§ **Exercise objective**: Your copy of the listing must be exact and must hold no images.

§ **Given data**:
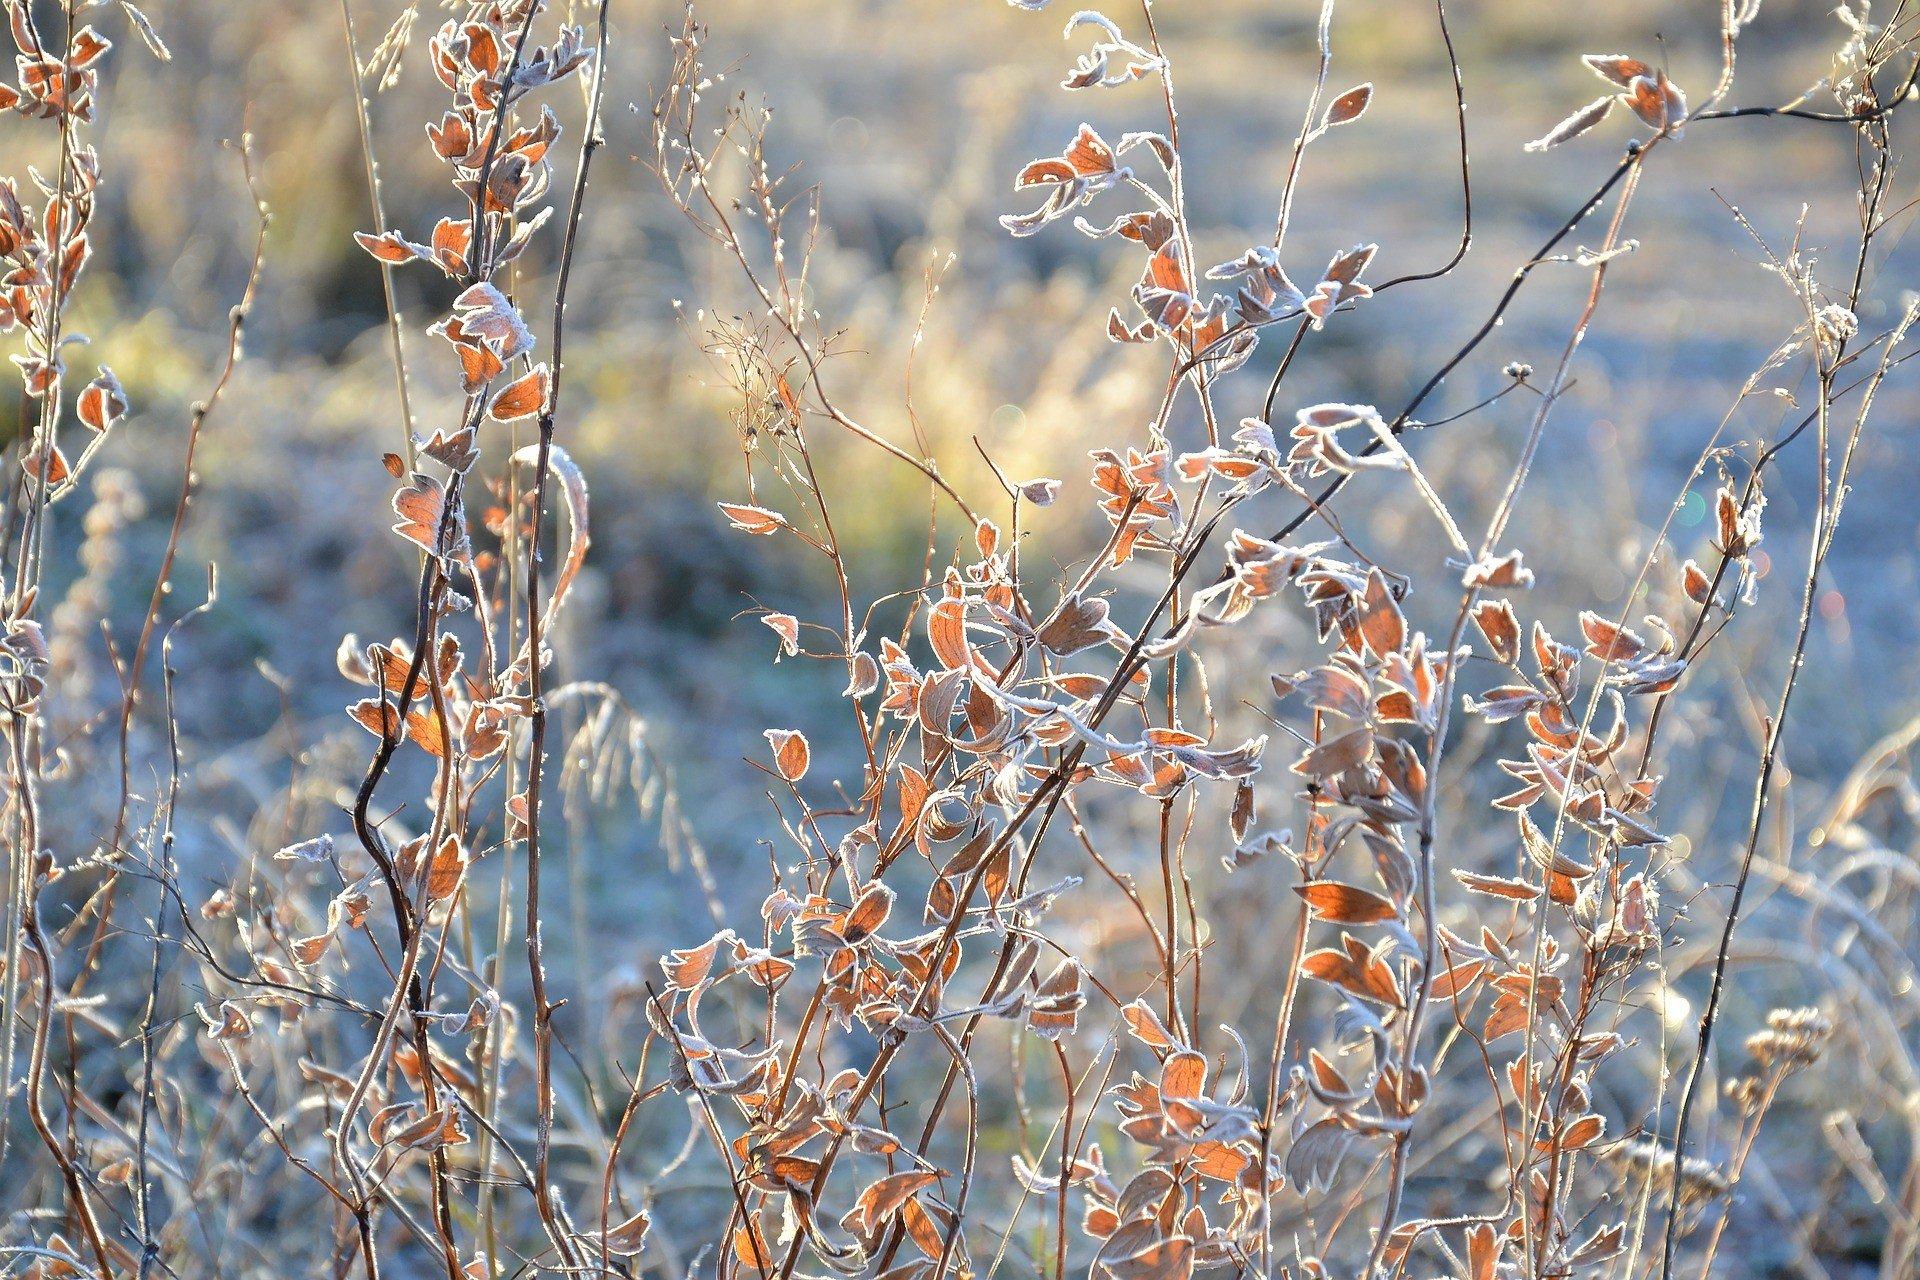 Зима близко: синоптик предупредила о дальнейшем похолодании
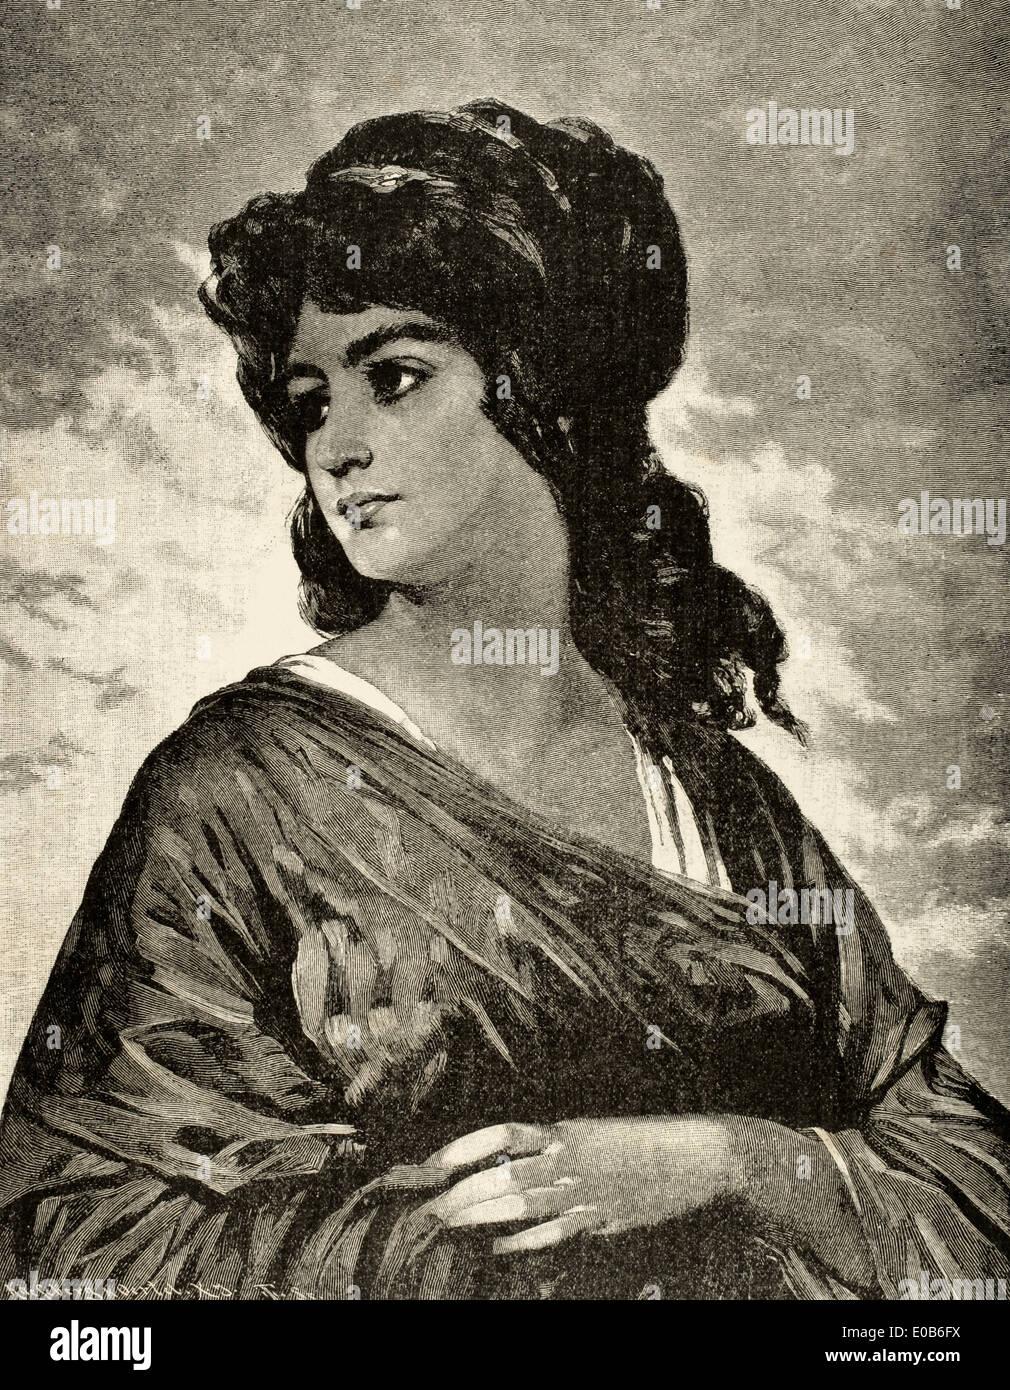 Lucretia (d.510 BC). Wife of Lucius Tarquinius Collatinus. Engraving by Kaesenberg & Oertel. The Illustration, 1884. Stock Photo
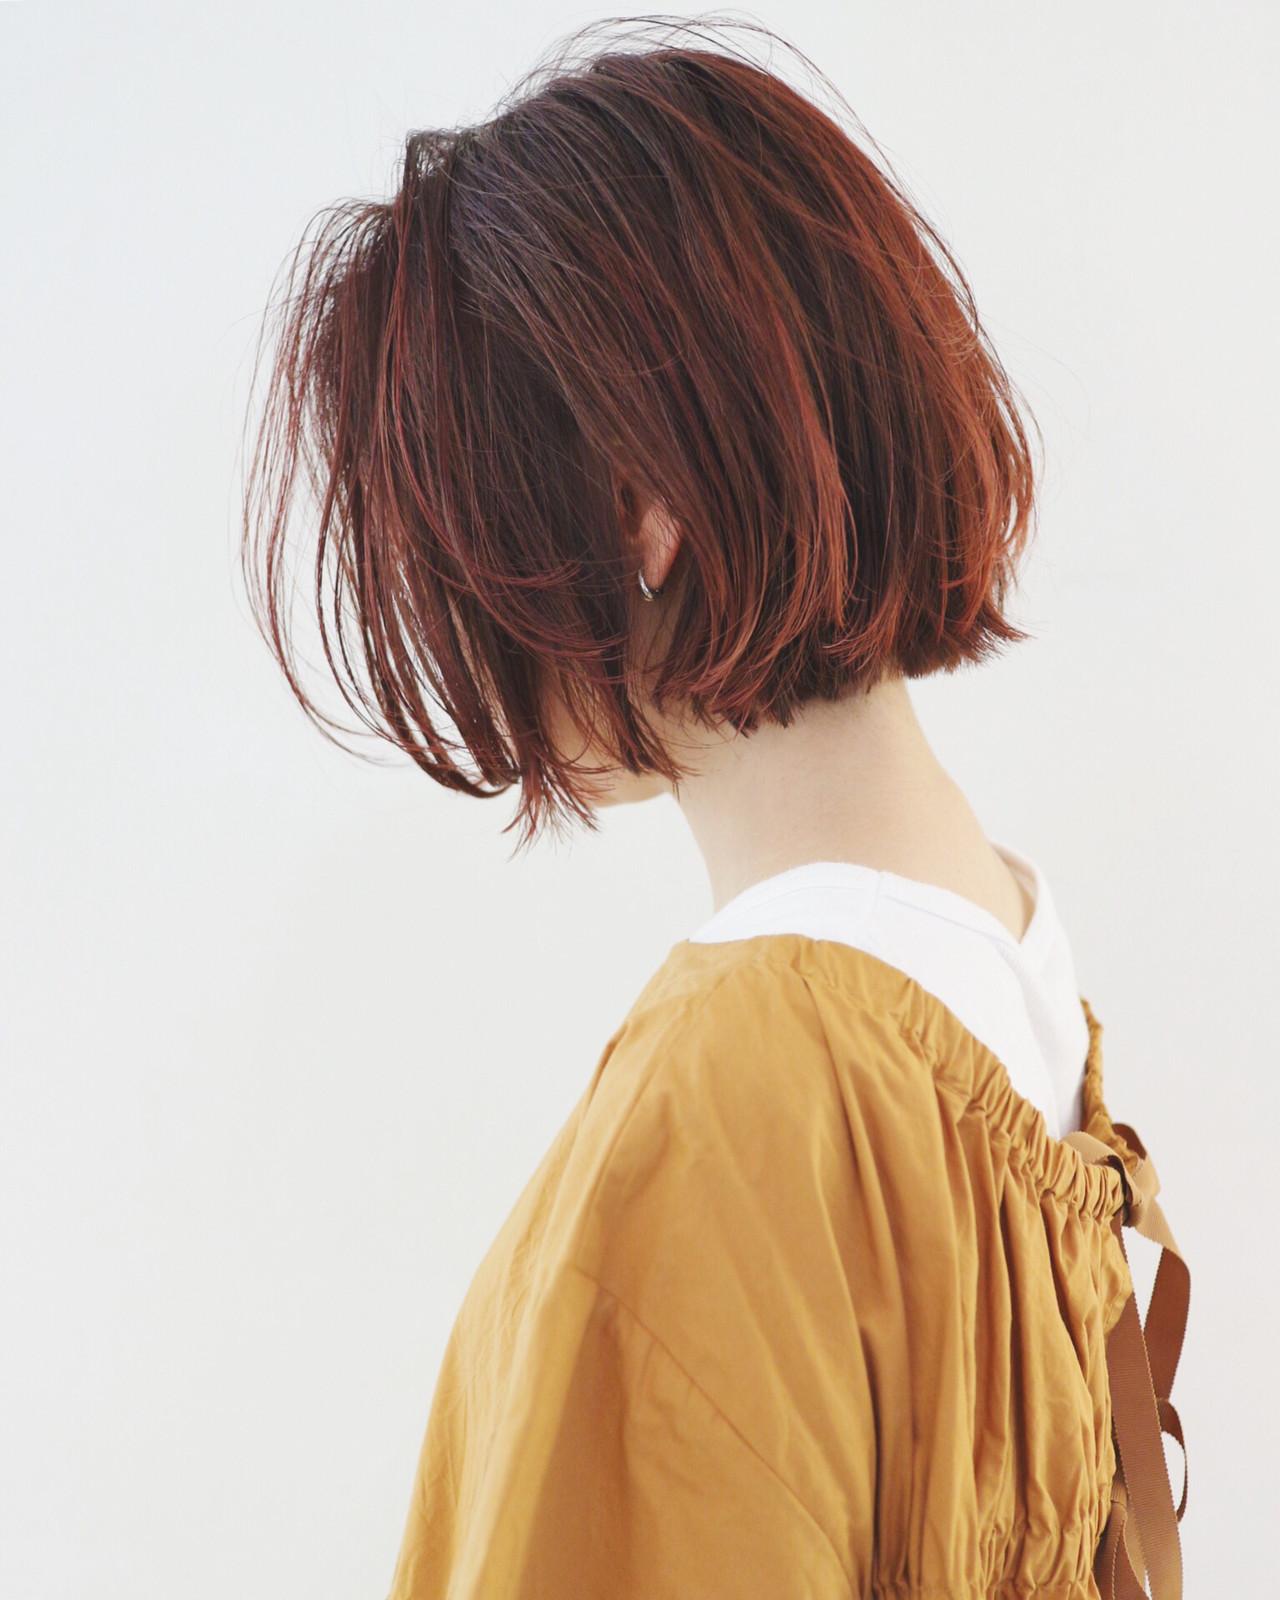 グラデーションカラー ストリート 外ハネボブ ミニボブ ヘアスタイルや髪型の写真・画像
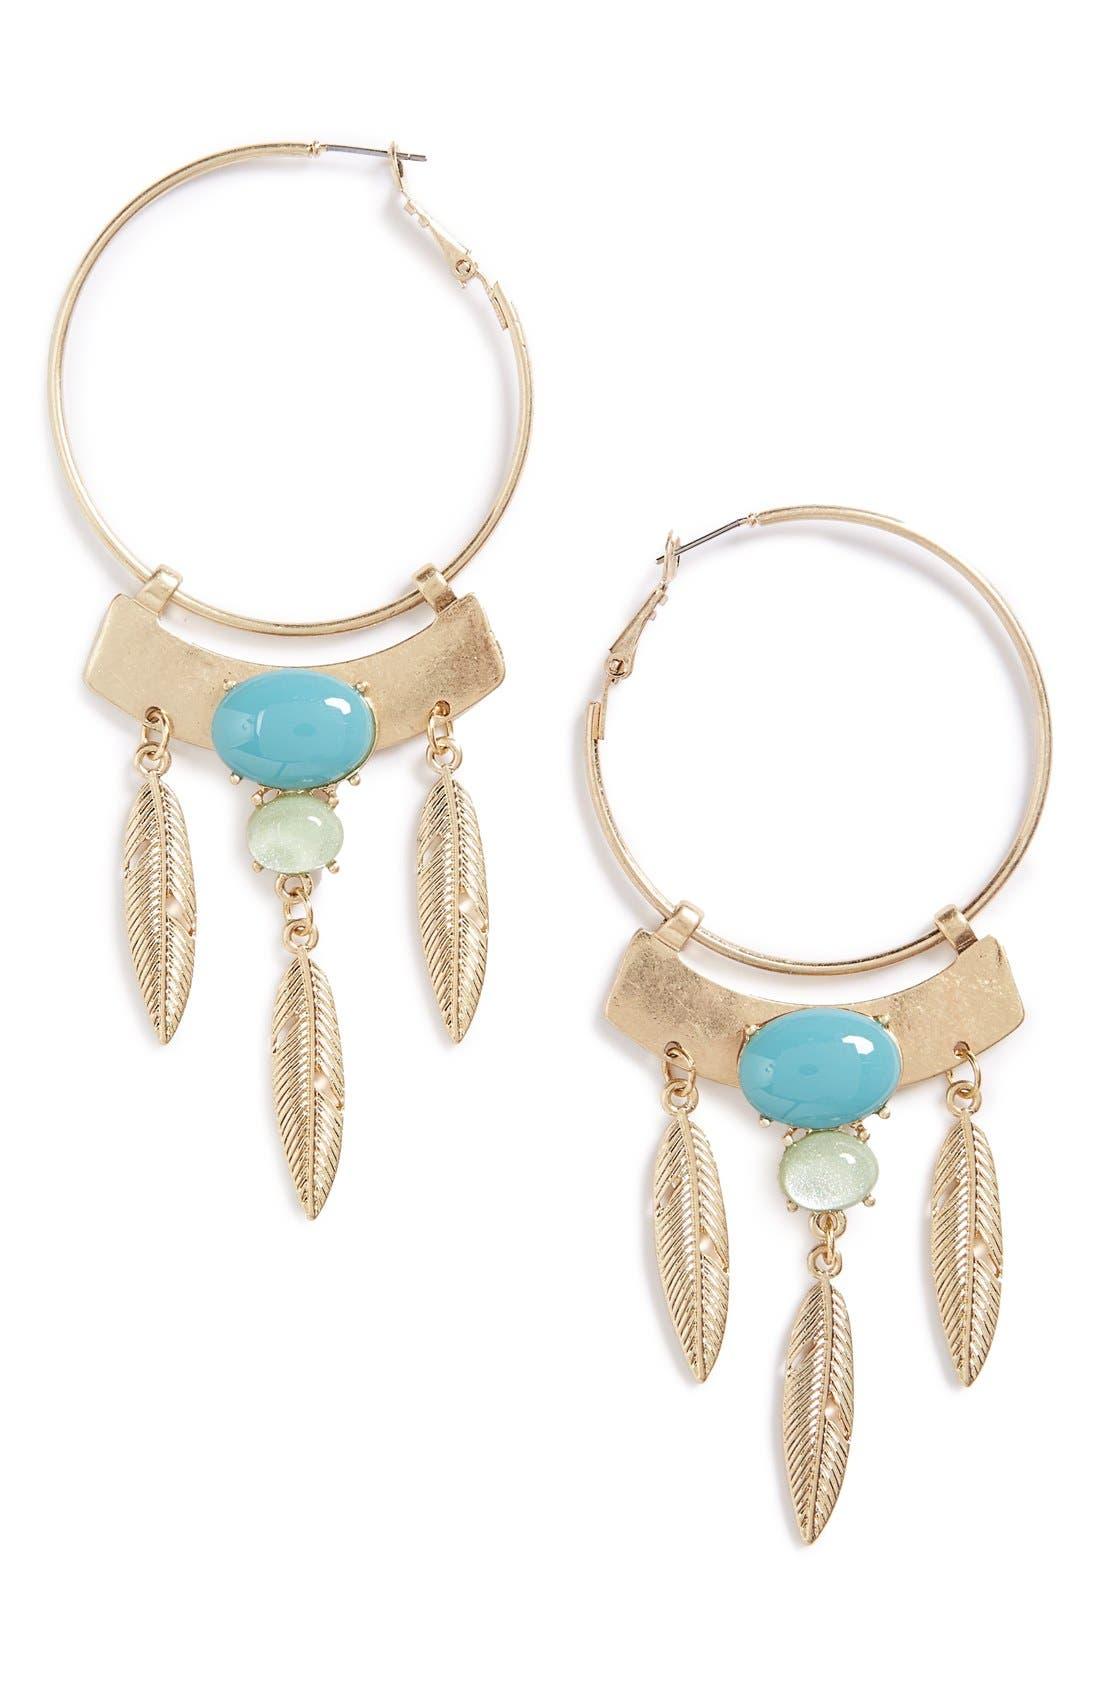 Main Image - Danielle Nicole 'Palm Springs' Hoop Earrings

§ **Reply to the task**:
 Зима близко: синоптик предупредила о дальнейшем похолодании
 Lucretia (d.510 BC). Wife of Lucius Tarquinius Collatinus. Engraving by Kaesenberg & Oertel. The Illustration, 1884. Stock Photo
 グラデーションカラー ストリート 外ハネボブ ミニボブ ヘアスタイルや髪型の写真・画像
 Main Image - Danielle Nicole 'Palm Springs' Hoop Earrings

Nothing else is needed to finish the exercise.